Goal of the exercise: Skip the pictures and repeat each line of the data exactly.

Given material:

►

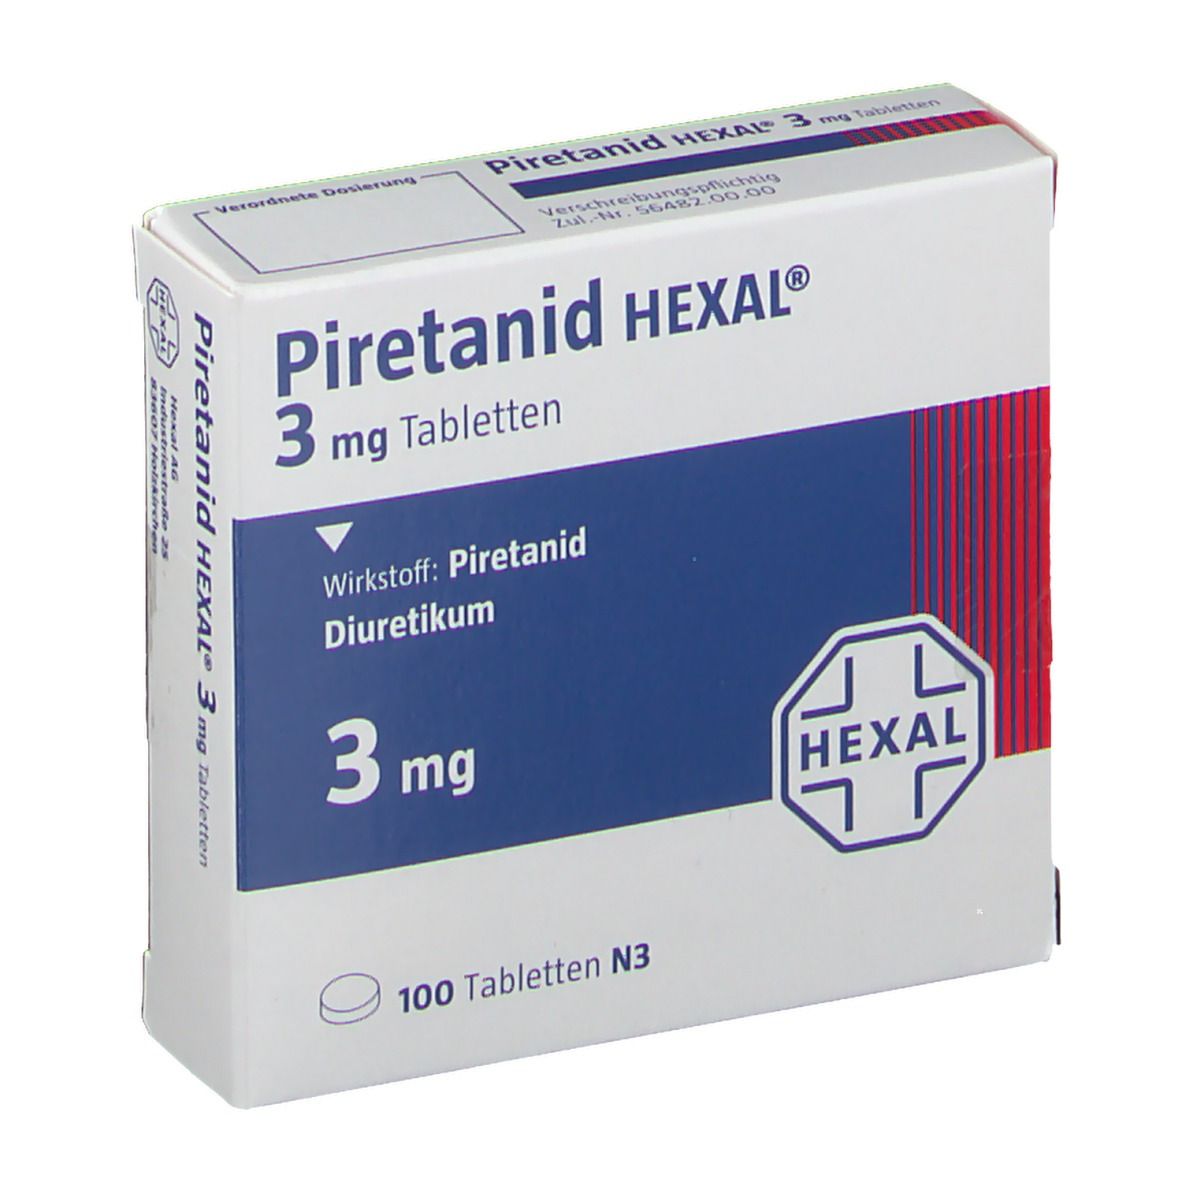 Piretanid HEXAL® 3 mg
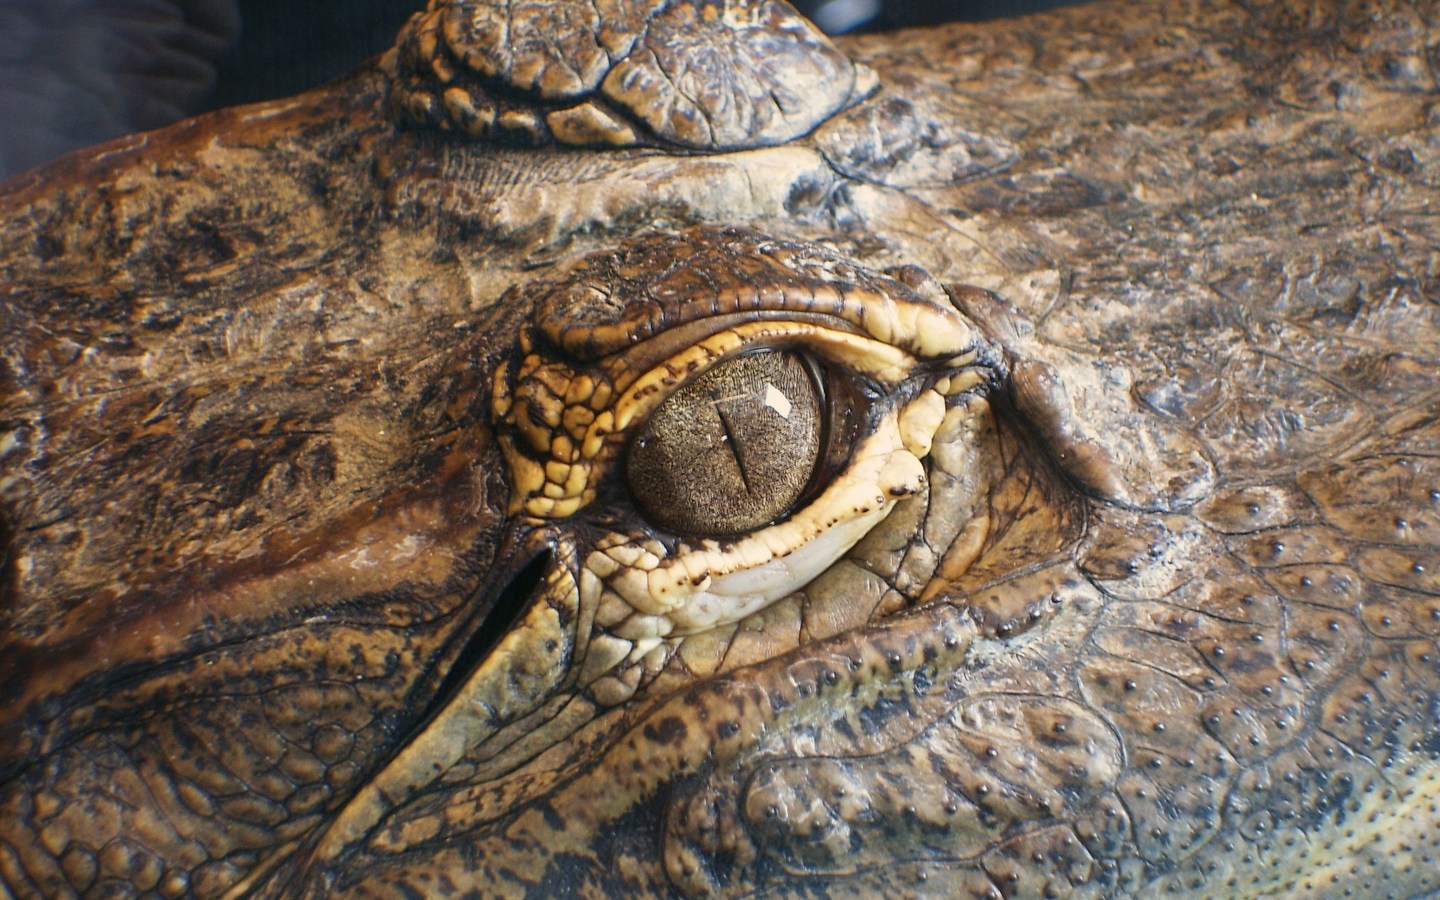 Download full size Reptiles Reptiles wallpaper / 1440x900
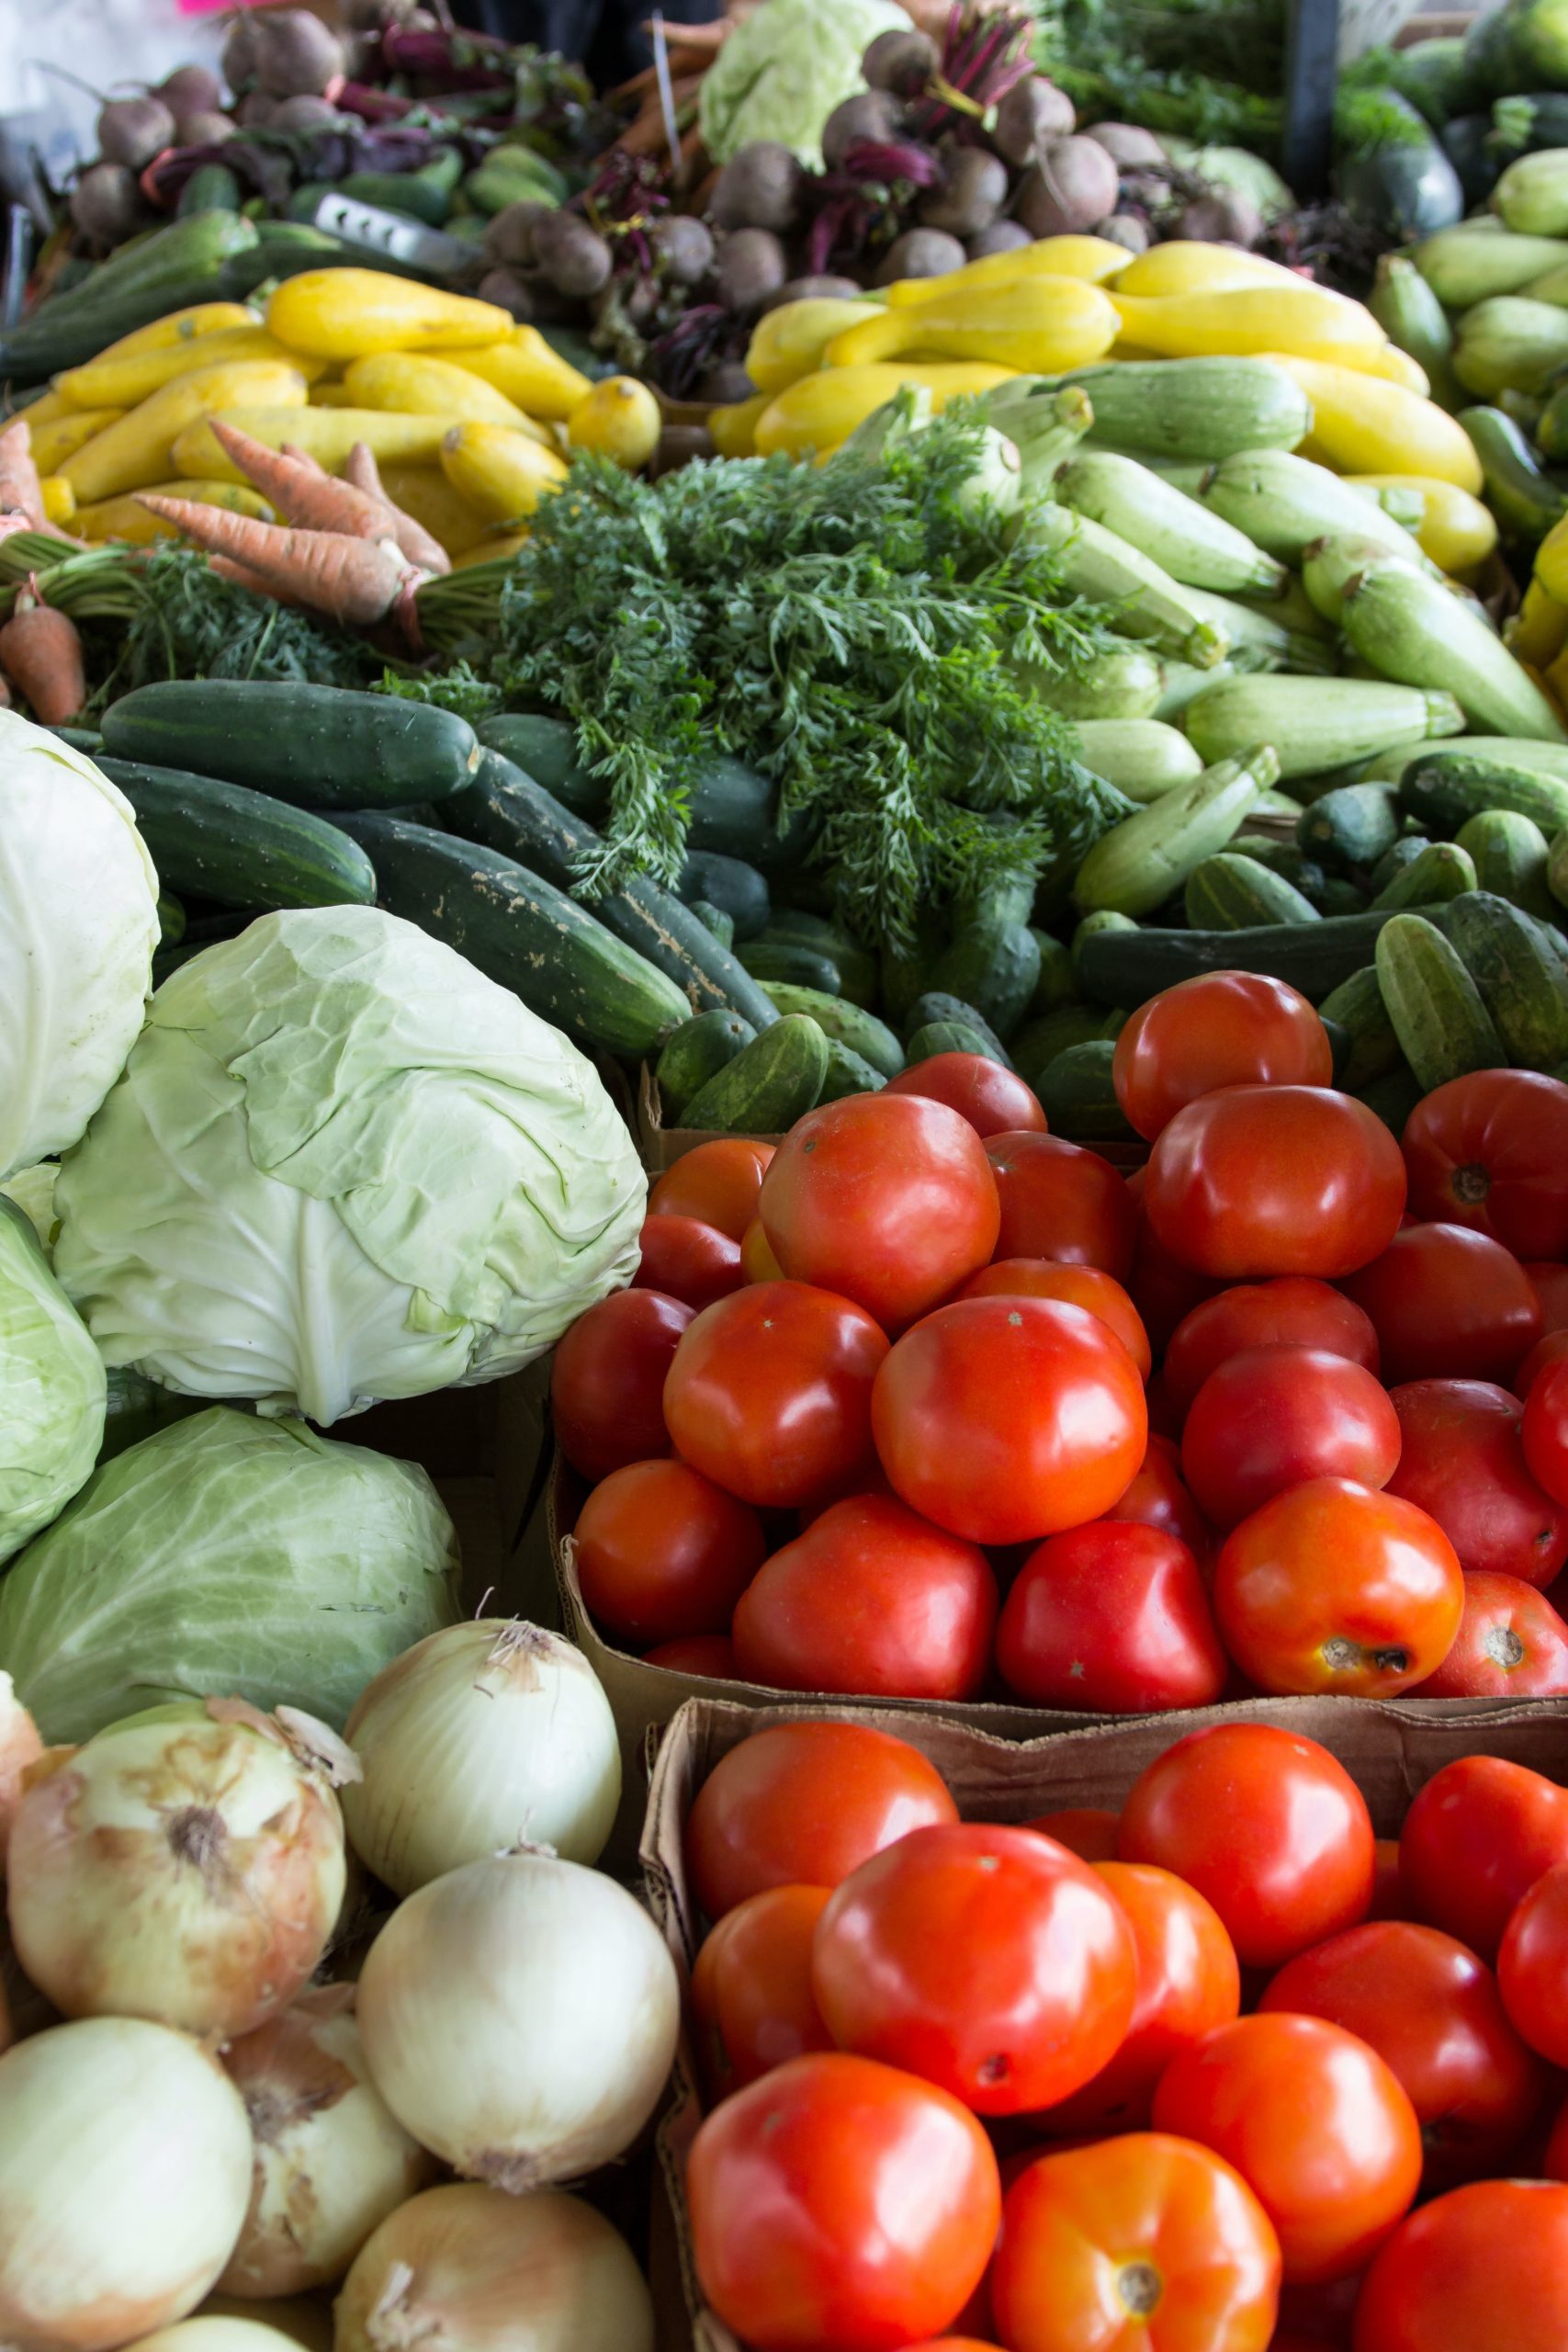 An assortment of vegetables

◄

Output for this task:
 Piretanid HEXAL® 3 mg
 Download full size Reptiles Reptiles wallpaper / 1440x900
 An assortment of vegetables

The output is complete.